University of Missouri Press, 1997
Library of Congress CT3260.H33 1997 | Dewey Decimal 920.72
Over the years Missouri women have endured many hardships: Civil War troops in their homes, the harshness of westward travel, the loneliness of the Gold Rush, and slavery. They have also greatly influenced the state's history. Marie Watkins Oliver made the state flag; Margaret Nelson Stephens was a gifted politician; Carry A. Nation fought for prohibition; and Mary Ezit Bulkley was active in the woman suffrage movement.
Hardship and Hope brings to life these and other known and unknown Missouri women through their own writings in journals, letters, diaries, and memoirs. Most of these pieces have never been published or have long been out of print. Carla Waal and Barbara Oliver Korner have skillfully crafted this anthology to represent myriad Missouri women. There are pieces representing the experiences of Jewish, Irish, and German immigrants, African Americans, well-educated women, and deeply religious women. Preceding each entry is a useful introduction that provides history and background on the woman and her work.
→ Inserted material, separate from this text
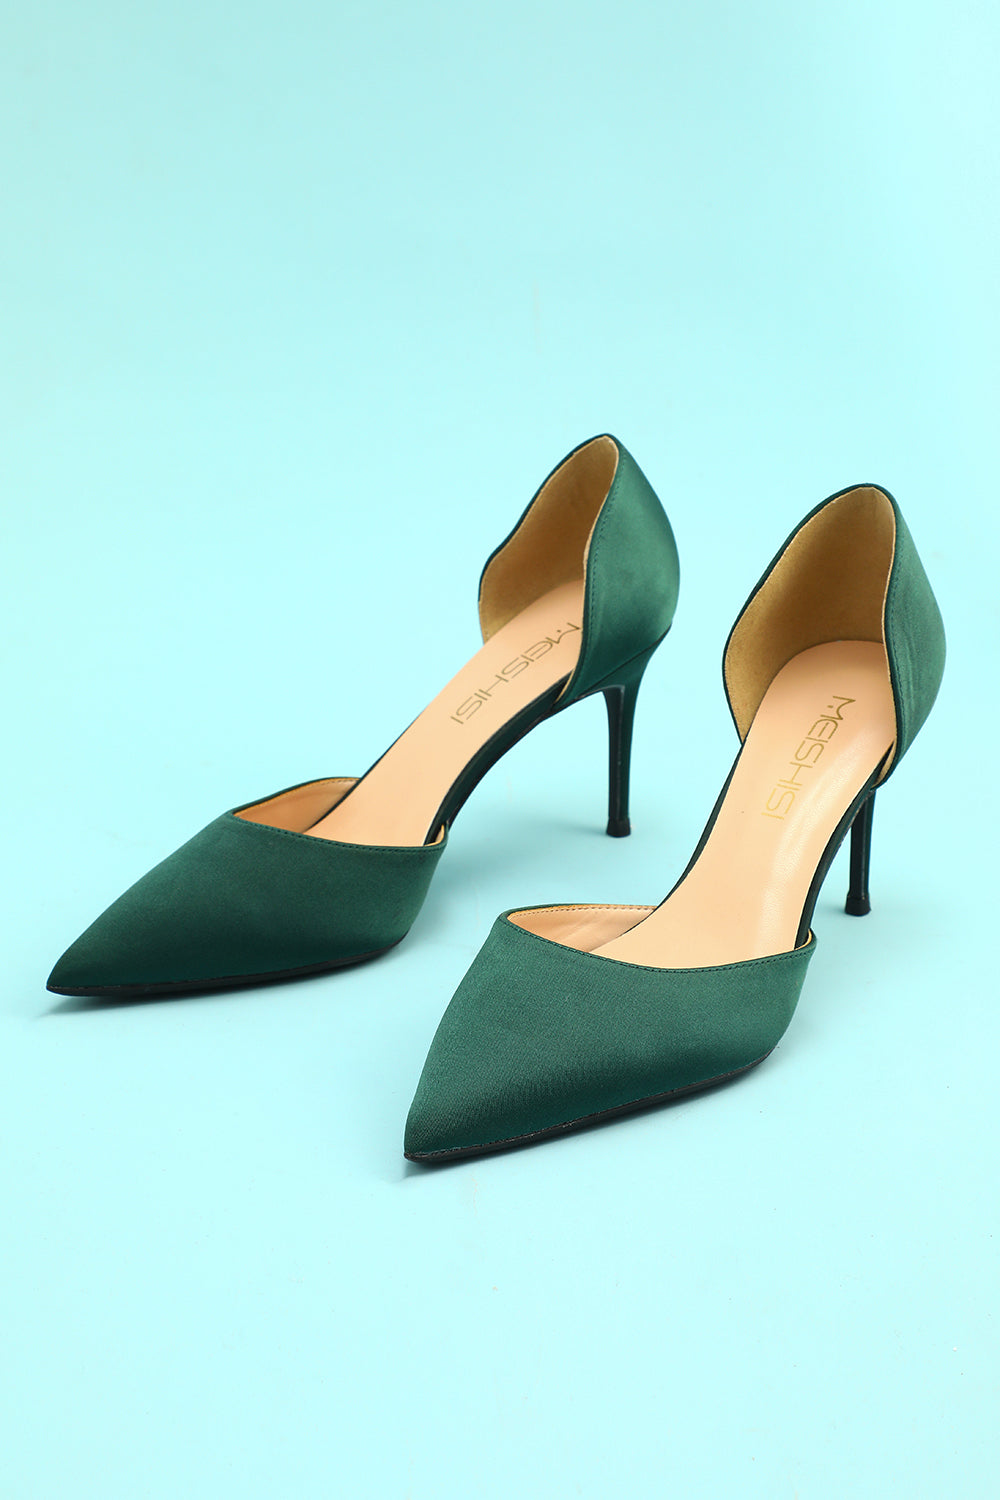 Light Green Heels Shoes, Green Stilettos Shoes, Green Pumps Size 10

Readers will meet women like Phoebe Wilson Couzins, who was the first woman law graduate in Missouri. She went on to work with Susan B. Anthony for the suffrage movement but died in poverty, physically handicapped and emotionally unstable. Emma J. Ray was born a slave just before the Civil War. She and her husband did missionary work in jails and on the streets of Kansas City. Other women represented are Laura Ingalls Wilder, Kate Chopin, Fannie Hurst, and Henriette Geisberg Bruns.
Hardship and Hope began as a series of performances around the state of Missouri through which the book's editors demonstrated the roles women played in that state's past. Because of the enthusiastic response to their performances, Waal and Korner continued searching for documents by Missouri women and now share their discoveries in book form. Covering a little more than a century, from just before Missouri's admission to the Union in 1821 to the ratification of the Nineteenth Amendment that gave women the right to vote in 1920, the excerpts here both captivate and inform.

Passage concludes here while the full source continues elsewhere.